Provisional Obstruction (Miami Beach)
The Catalina Hotel & Beach Club, 1732 Collins Ave

Provisional Obstruction (Miami Beach) continues a collaborative series of works between Miami-based artist misael soto and New Delhi-based artist Ayesha Singh, which began in Chicago in 2017. The work employs dysfunctionally-installed scaffolding, and banner-sized architectural and historical imagery, both temporary and pragmatic objects and structures that are typically secondary and subservient to what is traditionally seen as more permanent objects and structures such as buildings. The public installations deviate passersby viewpoints and divert foot traffic along the sidewalk, becoming catalysts for conversation on shared ideas of stability birthed from objects that connote impermanence. 

Ayesha Singh 

Ayesha Singh’s practice interrogates political agendas, social hierarchies and subconscious value systems placed in architectural decisions that shape cities and homes.
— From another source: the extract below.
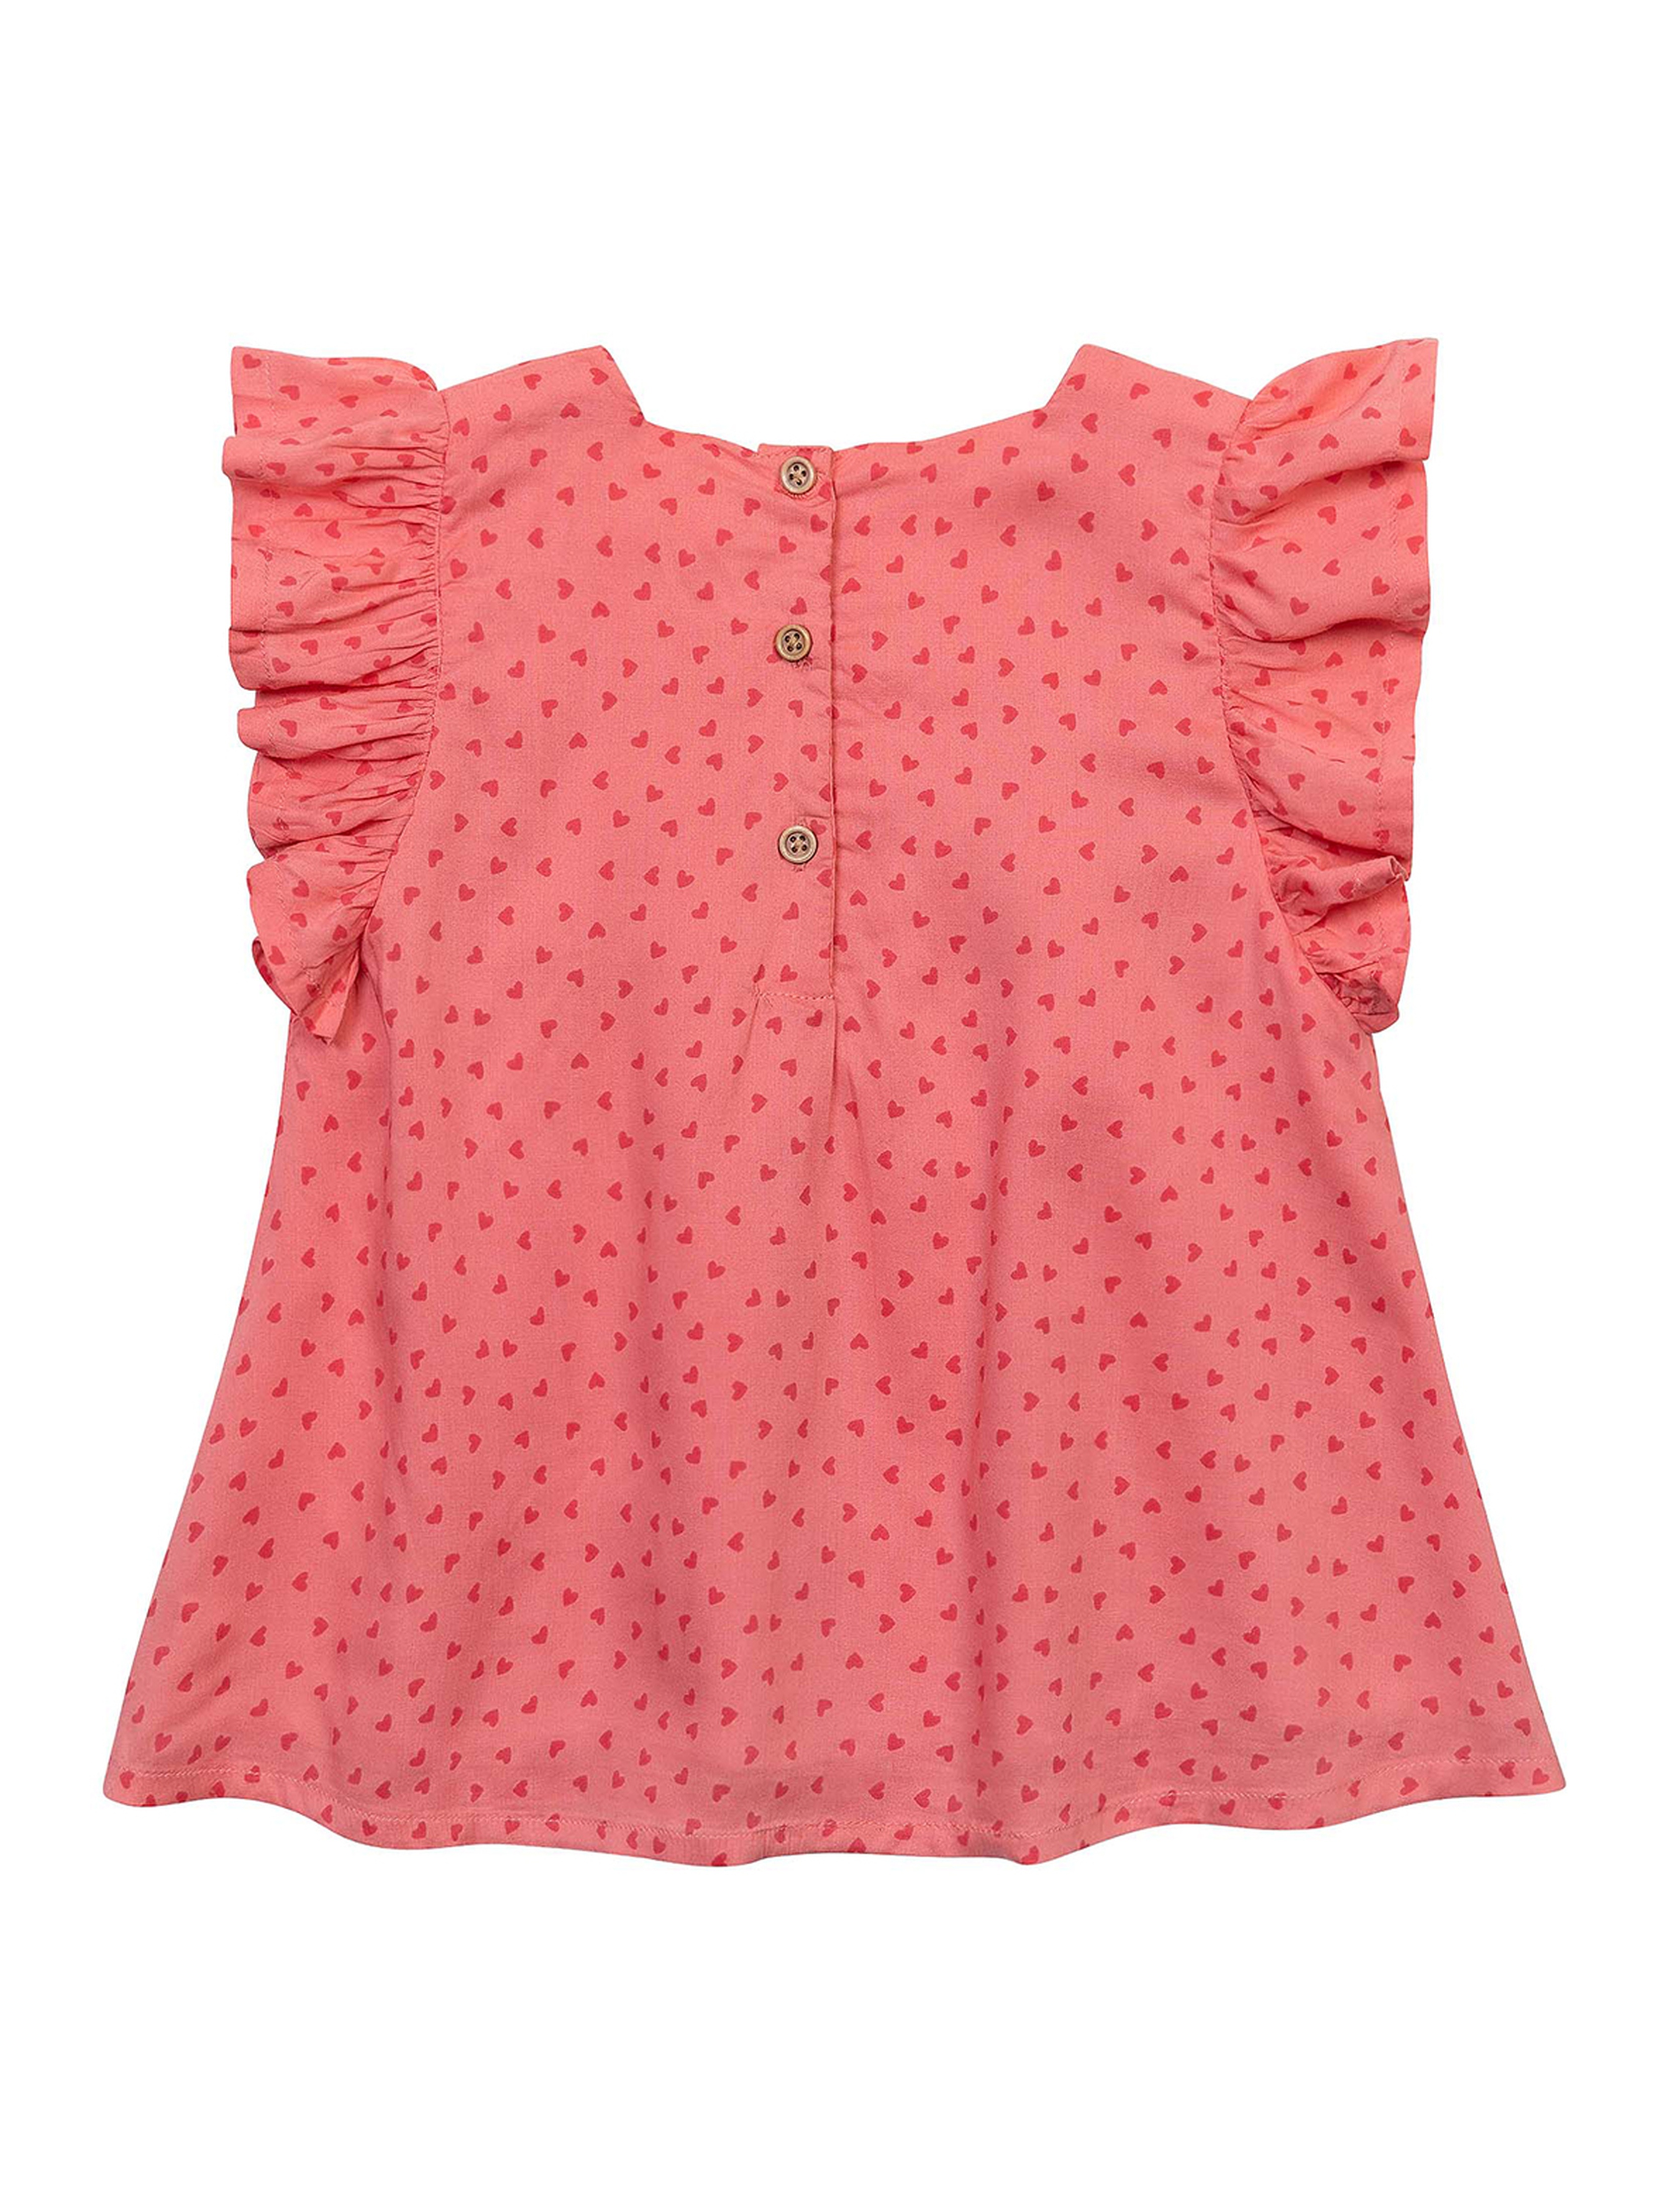 Różowa bluzka z falbankami dla niemowlaka w serduszka

Her interdisciplinary works highlight movement and forced displacement to emphasize cultural hybridity and reveal places of erasure against current puritan ideologies. Through video, sculpture, installation, performance and drawings that examine the malleability of public and private space, she creates sites of discourse and record. The works explore notions of authenticity, authority and agency in relation to belonging. Singh is also the founder of Art Chain India- a peer support movement for visual artists living and working in the subcontinent.

misael soto

misael’s practice interrogates and subverts contextually associated everyday objects and systemic roles, disrupting and manipulating space, systems, and frameworks. The publicly accessible, time-based, and ephemeral work involves interventions made upon existing objects, performative activations, institutional mediations, and is, more often than not, a combination of these elements. Pointing to truths found within the equivocal and disturbing presumed permanence are foundational goals. The novelty and uncanny nature of these situations, and the vulnerability asked from viewers, aligns their attention with the present and reveals circumstantial actualities leading to dialogue around critical contemporary concerns. Born in Puerto Rico (1986) and based in Miami, misael was the first ever Art in Public Life Resident with the City of Miami Beach where they founded the Department of Reflection, a post-governmental agency bringing new perspectives to important local conversations.